Despite not sharing much overlapping material, some paleontologists have proposed that Pseudolagosuchus major represented the same species of animal as Lewisuchus admixtus. If this is demonstrated to be the case, the name Lewisuchus would have priority over Pseudolagosuchus due to having been named earlier. Arcucci argued towards synonymizing the two as early as 1997. A 2010 study in the Journal Nature by Nesbitt et al. also made a case for their synonymy, as they were approximately the same size, came from the same locality and strata, and both were found to be basal members of the recently named family Silesauridae. Many other studies supported these arguments, sometimes even scoring the two as a single taxon in their phylogenetic analyses. Several hindlimb, hip, and vertebral fossils (PVL 3456, PULR-V 112 and PULR-V 113) have additionally been referred to Lewisuchus based on their similarity to Pseudolagosuchus remains. However, Bittencourt et al.'s 2014 redescription of the Lewisuchus holotype refrained from synonymizing the two due to a lack of data, with the only overlapping material being the tibia and a few cervical (neck) vertebrae. No unambiguous characteristics were shared between these scraps, and one tibia referred to Pseudolagosuchus (Novas's 'UPLR 53') seemed to have a curvature different from that of Lewisuchus's holotype.

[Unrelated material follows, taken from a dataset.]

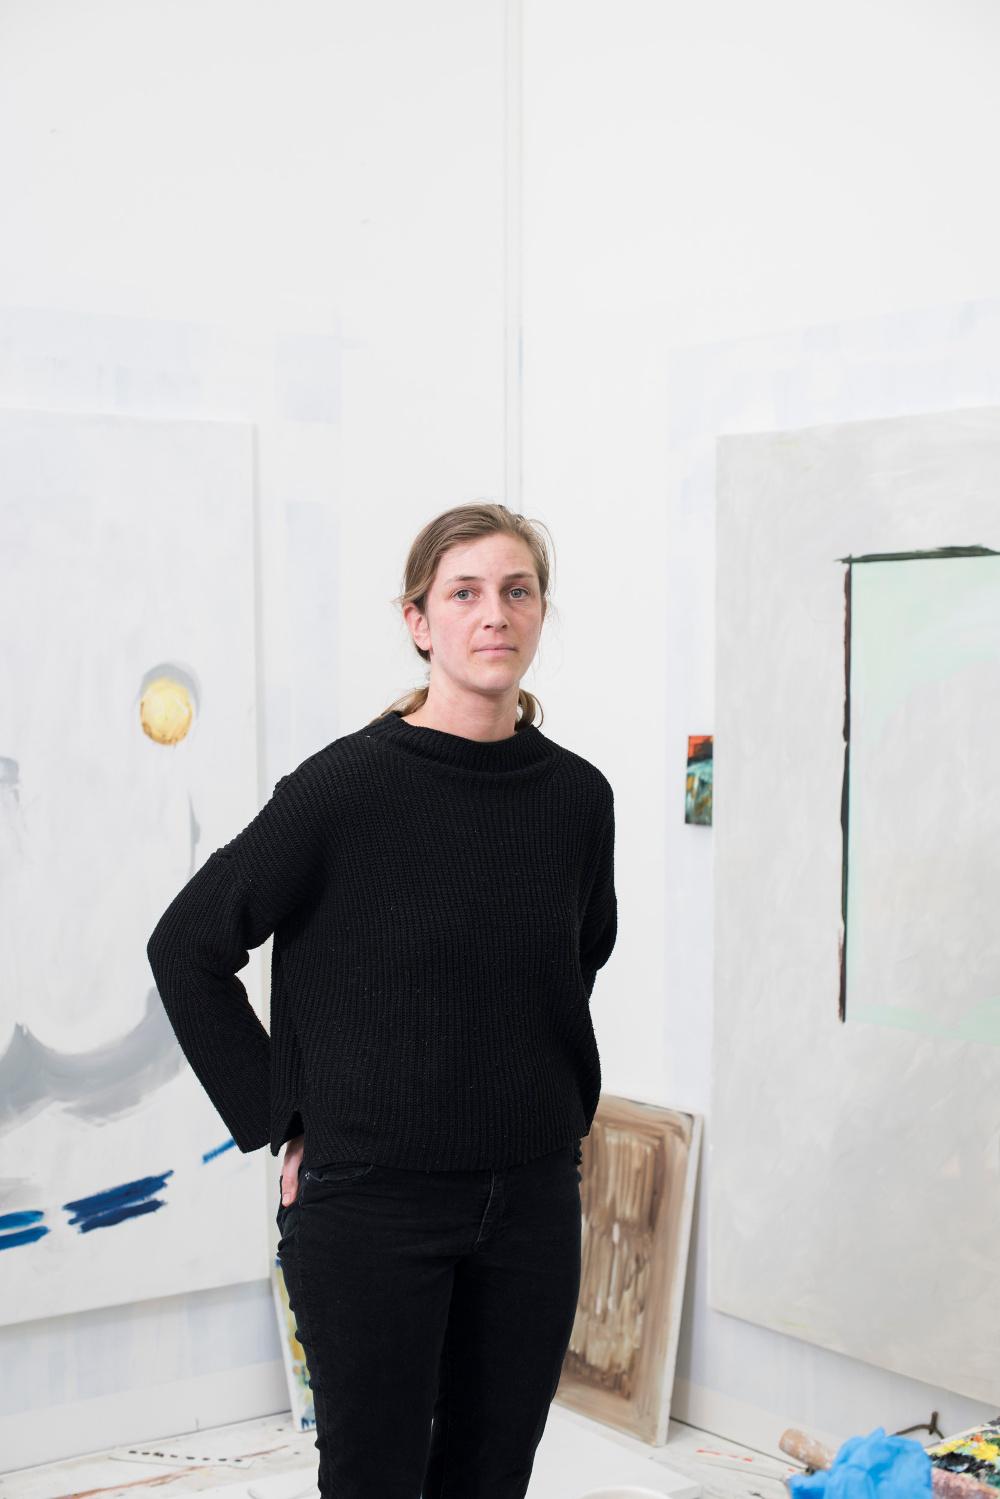 Machteld Solinger-portret vertical

A new specimen of Lewisuchus discovered in 2013 was described by Martin Ezcurra et al. in 2019, helping to settle the synonymy debate. This new specimen, CRILAR-Pv 552, was a partial skeleton incorporating parts of the skeleton previously only known in either Lewisuchus (such as the skull) or in Pseudolagosuchus (such as the hip and hindlimbs). It also provided details of the premaxilla, inner ear, and lower forelimbs, which were not preserved in any previous remains. The individual bones of CRILAR-Pv 552 were basically identical to their counterparts in Lewisuchus and Pseudolagosuchus specimens, providing irrefutable evidence that Pseudolagosuchus referred to the same species of reptile as Lewisuchus, and establishing Lewisuchus admixtus as the valid name for all fossils previously referenced with either name.